Come’on, dawg

chaz-ballThe recent Louisiana Supreme Court denial of certiorari in a matter in which the petitioner’s interrogation request for a “lawyer dog”/”lawyer, dawg” was held to be an equivocal request for an unknown and likely not barred canine — as opposed to a clear invocation for counsel — seems to be another example of a result-driven constitutional ruling. Even without reading the entirety of the opinion or knowing the facts of the case, there is a fair assumption that the petitioner almost certainly committed the crime for which he was charged and ultimately the Louisiana Supreme Court opted not to upset that trial verdict.

I have often said that a holding like Miranda, in which the court makes a decision to grant a new trial to an individual who so clearly committed a repugnant crime, likely does not happen today. As an elementary school teacher was quick explain to my class after the O.J. Simpson verdict, there is a difference between not guilty and innocent. (But that’s another blog for another day). Ignoring the principle that one is innocent until proven guilty, and instead diving into the more layperson understanding of “innocent” (one who did not commit a crime) and “not guilty” (one who cannot be held legally responsible for the crime), the heavy burden on the court in the current era is even more clear.

With court proceedings on every level being more public, by virtue of being more widely and extensively reported, court rulings are scrutinized and criticized and evaluated in hindsight. From district and circuit courts to appellate courts, that scrutiny, instead of permitting public access to inspire more fair and equal outcomes, encourages more conservative and draconian rulings. After all, our constitutional rights are more often than not established, expanded or retracted by the “not guilty” than the “innocent.”

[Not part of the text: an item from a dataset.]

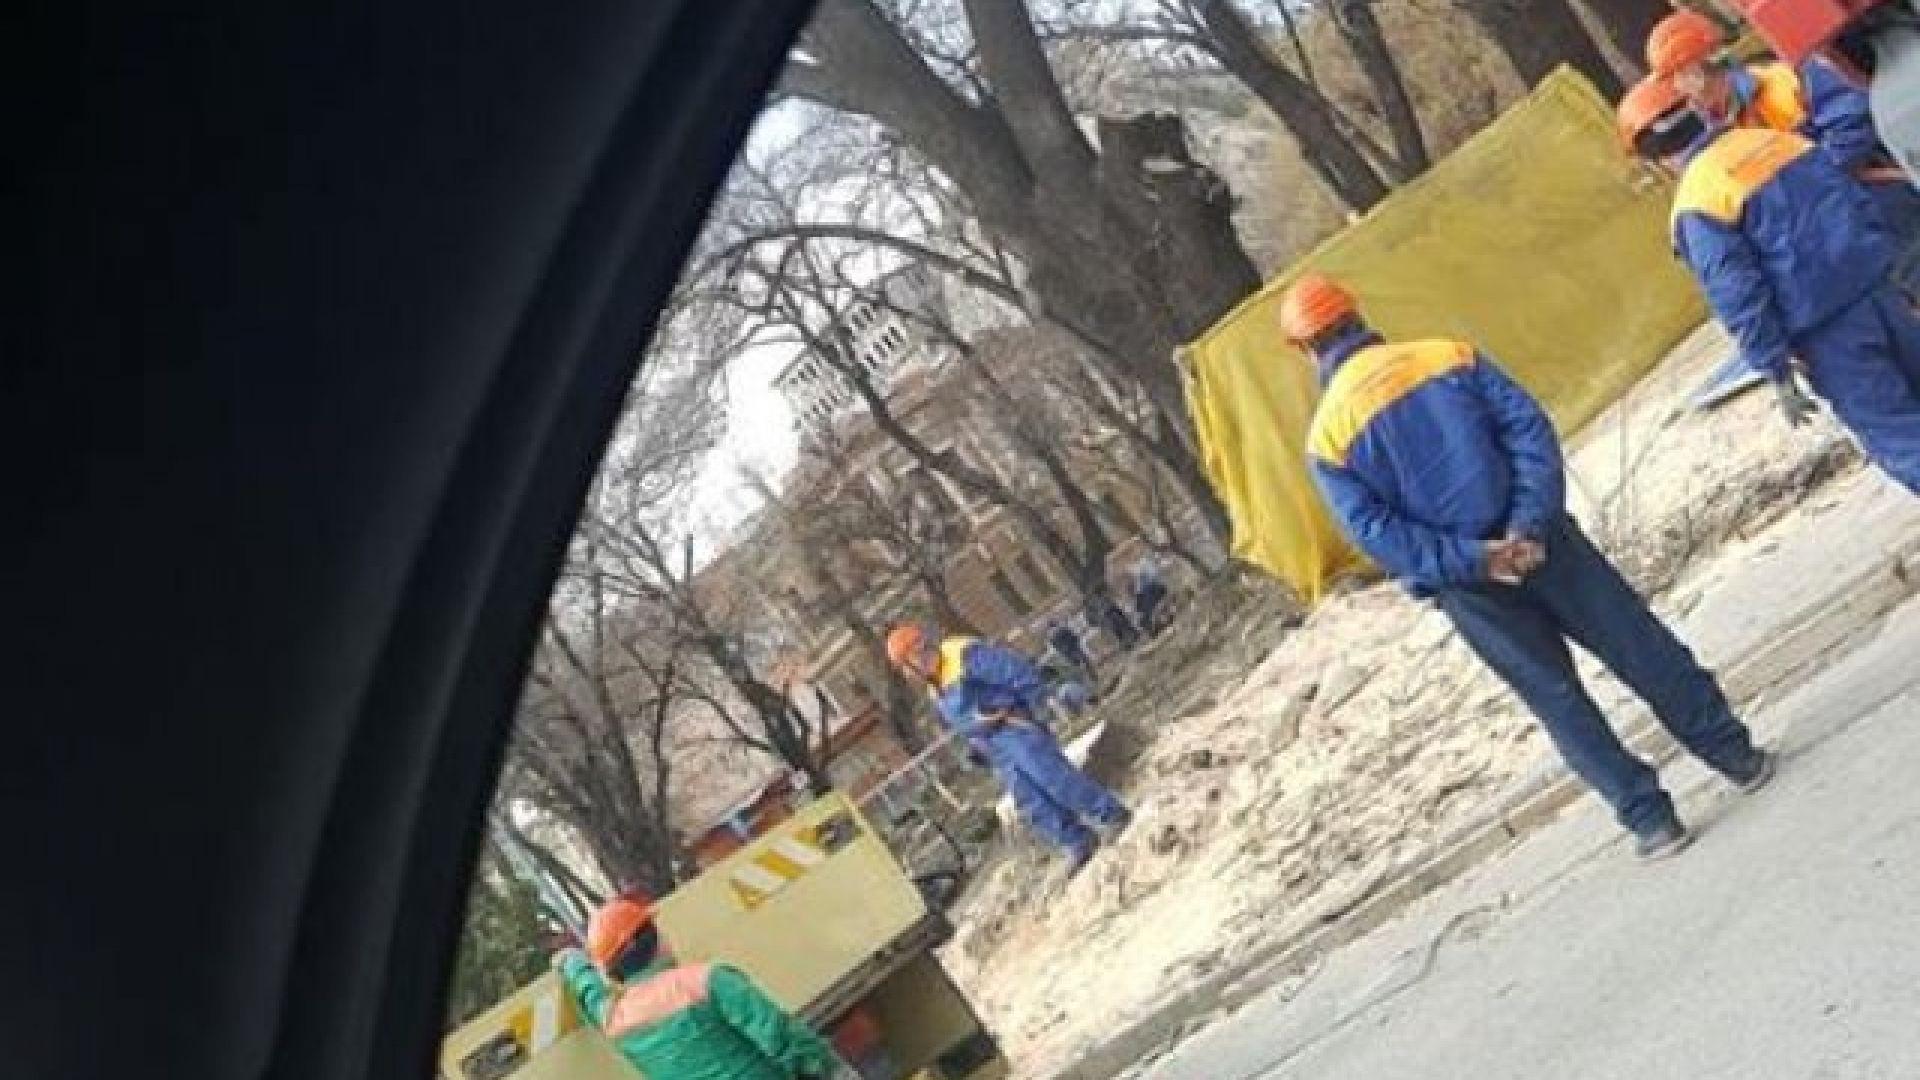 Снимка: Озеленители контузиха лекарка в скандал за дърво

A person who is pulled over and has his or her car searched in a manner that may be unconstitutional, but has nothing found, will not have a suppression hearing, trial or appeal to determine lawfulness. Even if a civil case arises out of the search, because of the relatively de minimis intrusion, the case would likely settle as opposed to impacting legal standards. However, if in the course of the search, contraband is recovered, suppression hearings, trials or appeals could take place.

The same goes with interrogations. Someone not involved with a crime is much less likely to incriminate him or herself than someone who is. So when judges make decisions at trial levels and appellate levels, those decisions are not based merely on academic questions but real controversies with real defendants who may often be “not guilty” instead of “innocent.”

Judges are human, and as humans, as much as the legal questions of constitutionality should be decided irrespective of result, results always have some impact on analysis. But now, instead of simply the consideration of the potential result and the potential for releasing an individual who is not “innocent” but potentially “not guilty,” judges can be impacted by public pressure.

While the “Lawyer Dog” case is an example of the contrary, more often than not trial judges are criticized for making findings in favor of the accused, for not guilty findings, for granting suppression motions, and for arguably lenient sentencing. That public criticism motivates more conservative rulings, more restrictions of constitutional rights, and more result driving holdings.

So to the recent and continued efforts to politicize the courts and encourage rulings based upon public pressure instead of the law, all I can say is: Come’on, dawg.